И началось. Боденичаров, успевший слазить в террариум, вернулся с полным мешком черепах. Им прикрепили свечки на панцири, вырубили верхний свет и пустили черепах ползать. Зыбкие огоньки медленно плавали над полом, звенели бокалы, стучали вилки о тарелки, плакал быстро рассолодевший Тютюнин, и профессор Пастраго, задумчиво терзая гитару, напевал:
Поодаль ему подвывал Брюс, закрыв глаза, уронив чуб на баян:
Что-то непривычное чувствовалось в пьяном разгуле, что-то изначально чуждое этому миру, но проклюнувшееся вдруг.
– Нет, это потрясающе, – тихо сказал Панарину Леня Шамбор. – Ты чуешь, во что эта борода загадочным образом начинает превращать наш шабаш?

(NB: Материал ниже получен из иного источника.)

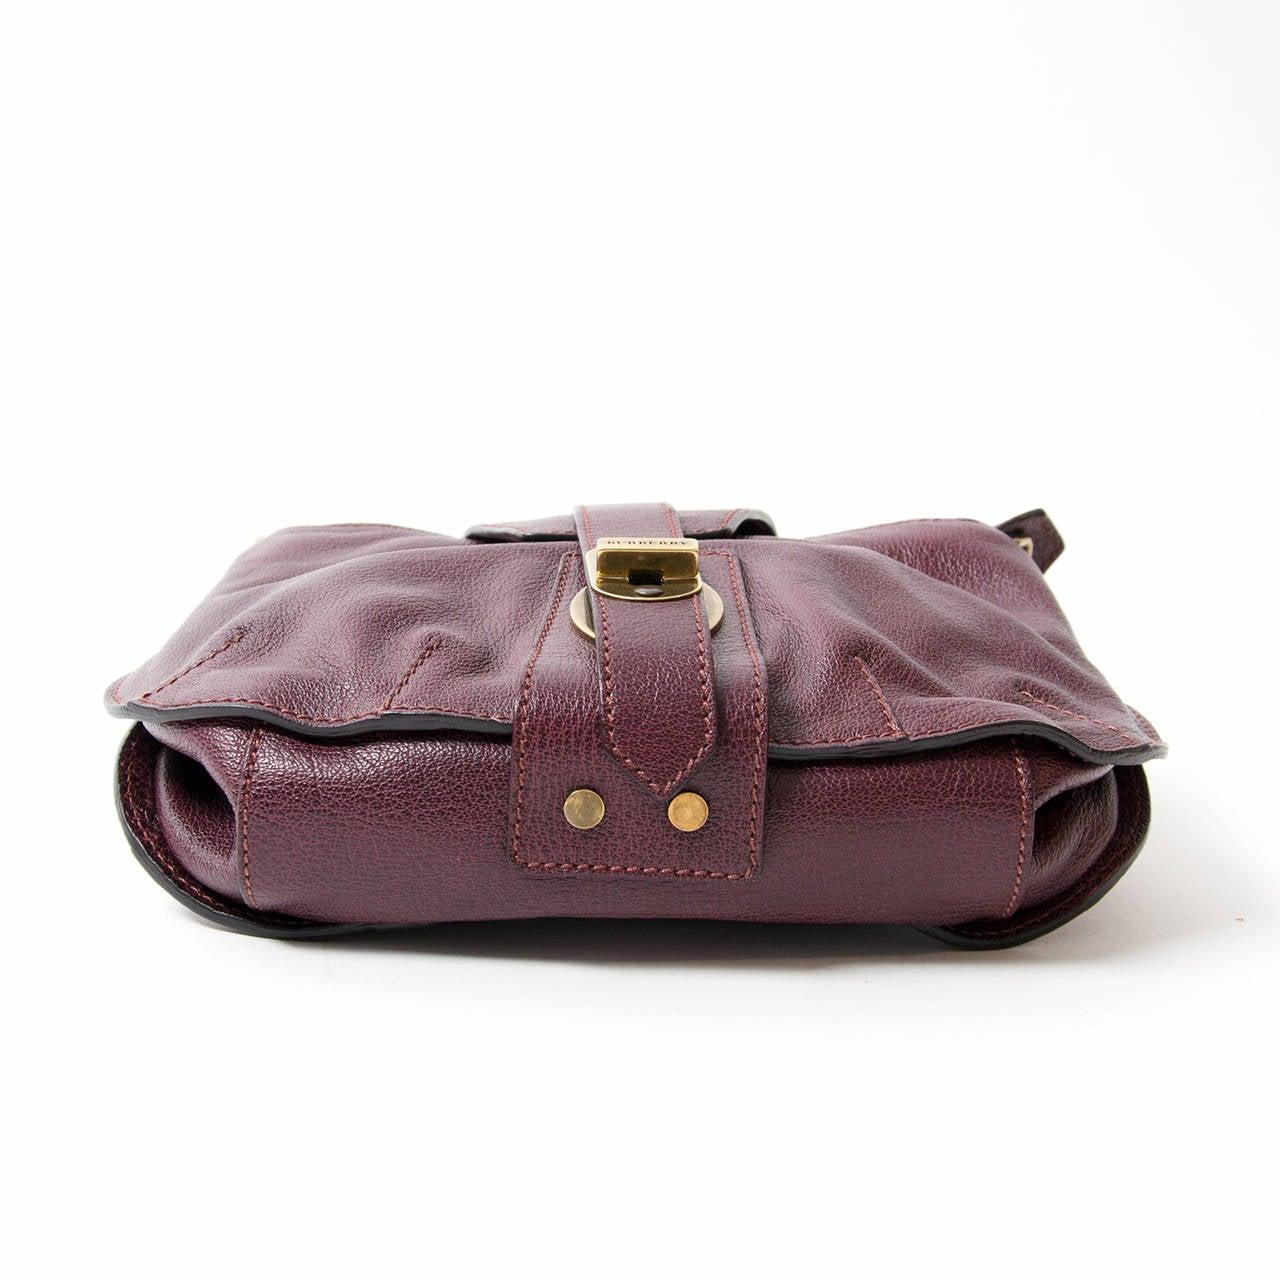 Burberry Bag Purple

Черт побери, здесь же лирические настроения прорезаются, чувствуешь? Да мы такого сто лет не видели с тех пор, как Семеныч разбился, а тому уж… Как ты сейчас выглядишь со стороны, рассказать? Имеешь в лице нечто тебе несвойственное.

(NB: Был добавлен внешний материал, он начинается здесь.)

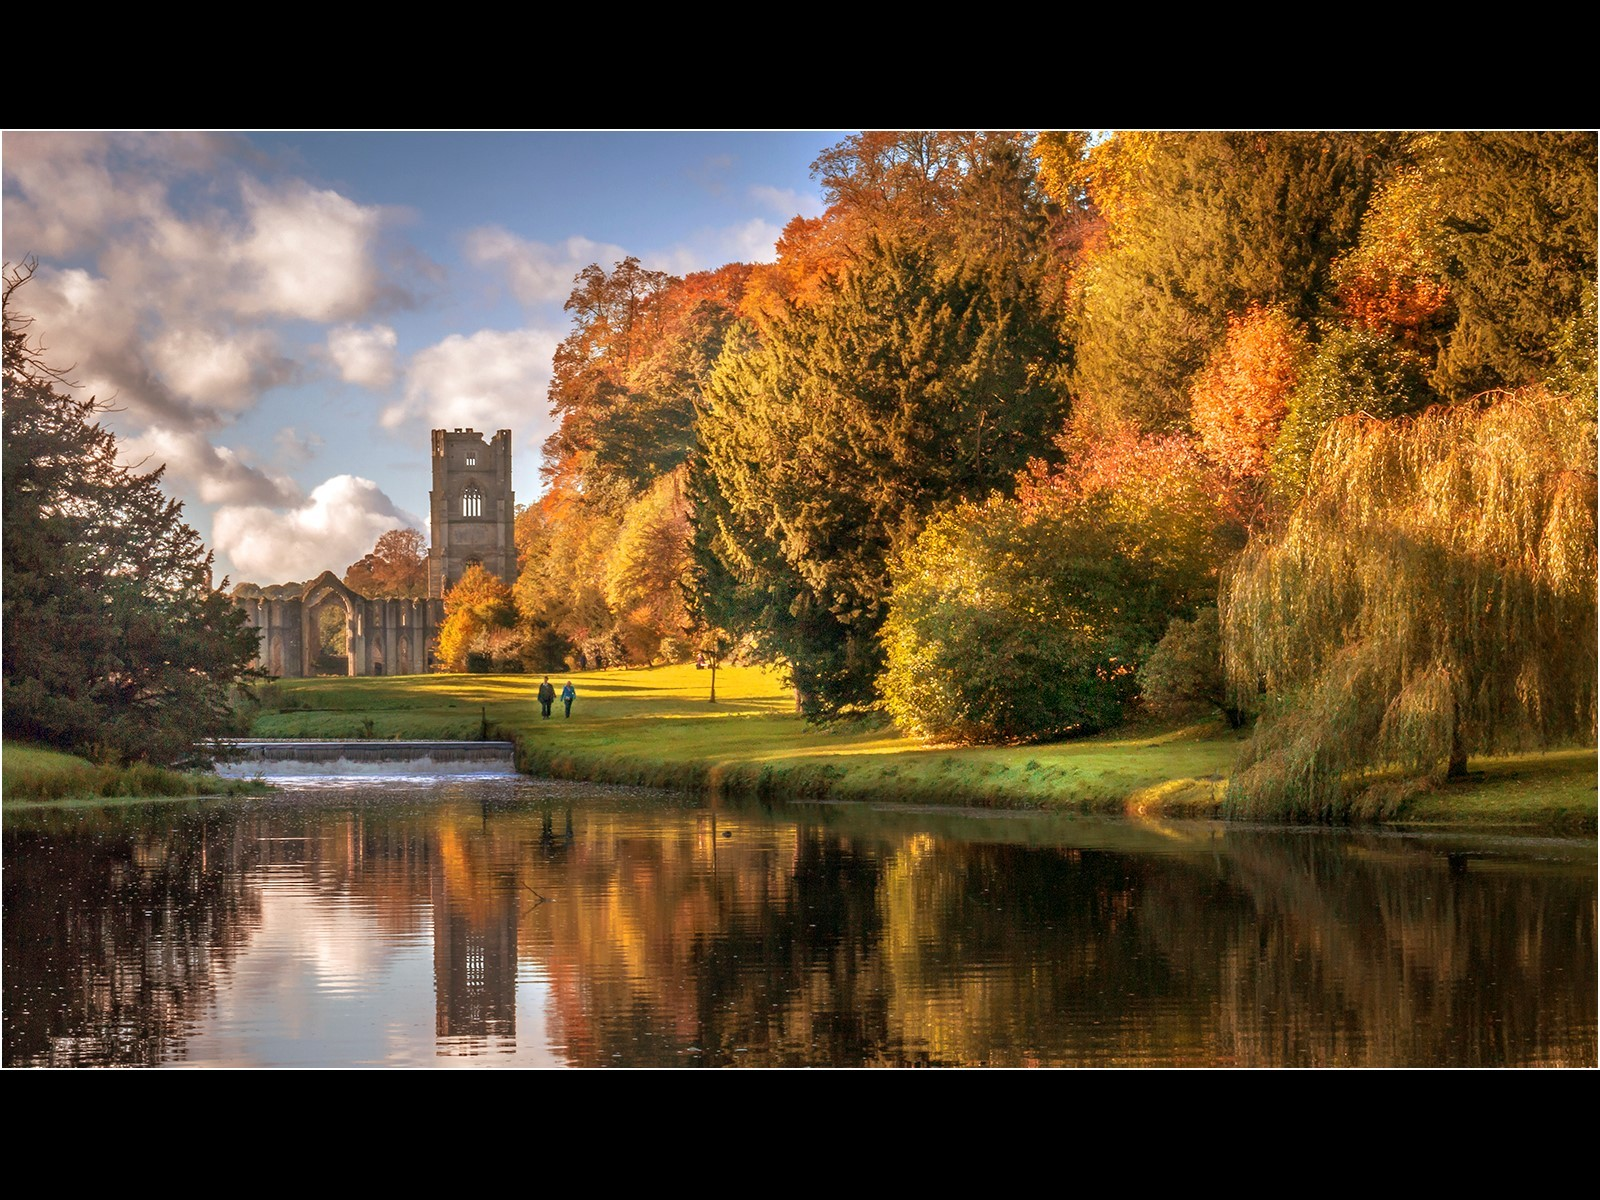 Morning Stroll Fountains Abbey

– Как и ты, наверное. – Панарин грустно смотрел на пузатую бутылку с золотой наклейкой. – В точности как ты. Леня, я чувствую, что эта борода – мина замедленного действия, а у меня нюх, все мы над Вундерландом обучились проскопии и всему такому прочему… Все правильно – нам нужен такой же исповедник, как мы сами: такой же, только острее сознающий свою сущность, обнаженный электрический провод…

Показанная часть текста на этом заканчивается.